The reason this distinction matters at the leadership level is that elimination is impossible and many teams are spending budget chasing it anyway. Engineering hours go into prompt-tuning, into custom fine-tunes, into model evaluation harnesses that measure whether the model gets the right answer 94% of the time instead of 91%. Those investments can be useful, but they do not solve the problem. A model that is right 99% of the time is still wrong 1% of the time, and 1% of an unbounded production traffic stream is a stack of incidents. No amount of accuracy improvement reduces the model's variance to zero, and so no amount of accuracy improvement obviates the need for the validation layer. The leverage is not in pushing the model's accuracy up. It is in building the deterministic layer that makes the model's residual error someone else's problem — caught at the gate, never shipped.
This reframes the question every leadership team eventually asks: "is our AI accurate enough to ship?" The honest answer is that the model's accuracy is the wrong measurement. The right measurement is whether the system around the model converts the model's output into reliable production behavior. A 91% accurate model inside a robust harness produces a deterministic, auditable, regenerable system. A 99% accurate model with no harness produces a system that fails in production 1% of the time and silently corrupts the other 99% with no audit trail. The accuracy delta does not predict the reliability delta. The harness does.
What this asks of the leadership team
The hard part of this conversation is that the harness is invisible from outside engineering. The procurement spend on the model is visible — a budget line, a vendor relationship, a slide for the board. The harness investment is engineering hours. It does not show up on a tool-adoption dashboard. It is the time spent writing specifications that did not previously exist, building validation pipelines for outputs that previously went unchecked, and replacing imperative orchestration scripts with declarative graphs. None of those line items survive a one-line summary, and all of them determine whether AI changes the economics of the work or just adds a vendor invoice.

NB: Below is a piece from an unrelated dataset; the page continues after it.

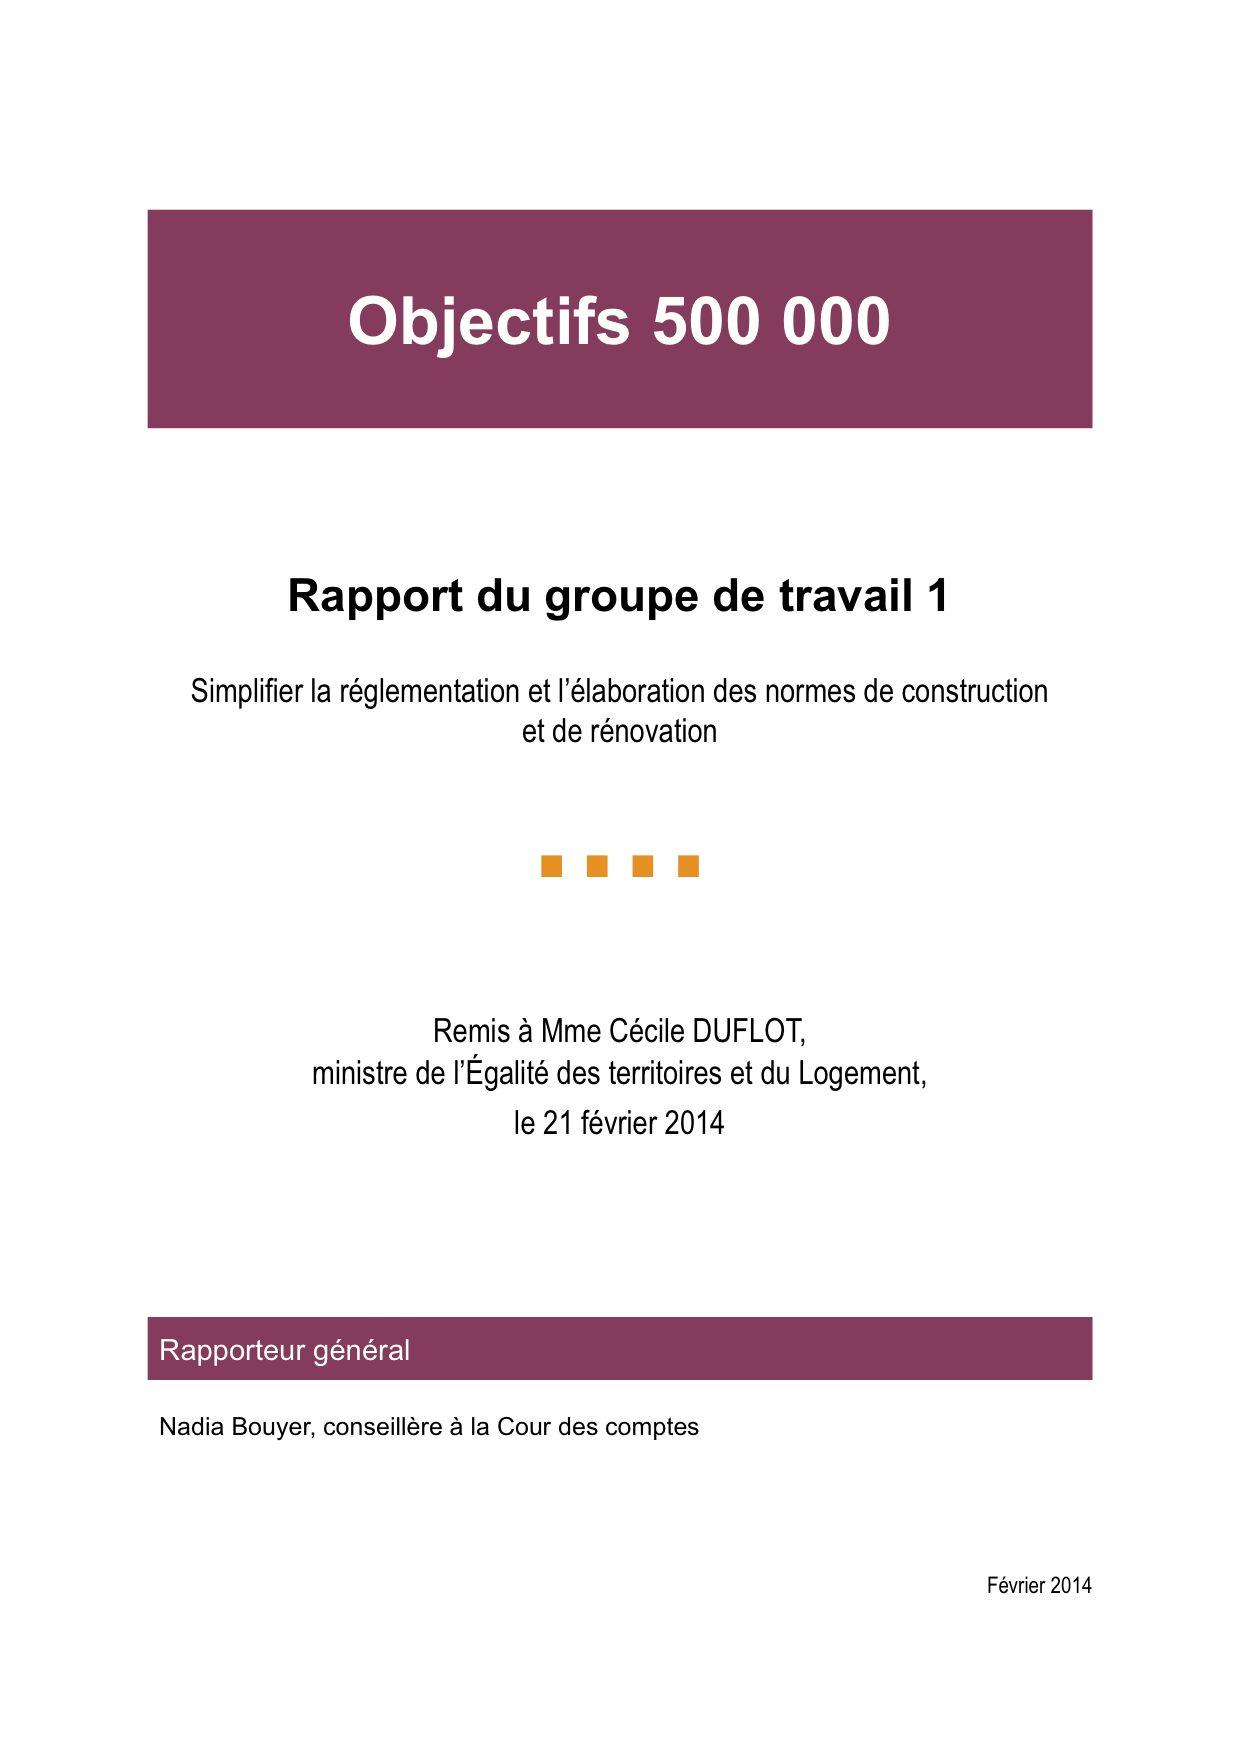 couverture rapport 500 000

The asymmetry is uncomfortable. The visible spend produces a demo. The invisible spend produces a shipping system. Boards that have not yet developed the literacy to distinguish them will reward the demo and underfund the harness, because the demo is legible and the harness is not. The leadership move is to make the harness legible — to name the validation pipeline as a first-class engineering artifact with its own roadmap, budget, and accountability. The teams that have done this are the ones whose AI work shows up as throughput in production. The teams that have not are the ones whose AI work shows up as a Q3 presentation and a Q4 retraction.
There is no shortcut. The model is available to everyone, and so the model is not where the differentiation lives. The harness is where the differentiation lives, because the harness is what determines whether the model's output can be trusted, regenerated, and shipped. Containment is engineering work. Engineering work is what produces reliable systems. The next-generation model will be more capable, and more capable means it will produce better output inside a harness and marginally better demos outside one. The relative position of harnessed and unharnessed teams will widen, not narrow, as the models improve.
Stop treating AI output as something to admire. Start treating it as something to verify.
Are you still shipping AI output without checking it?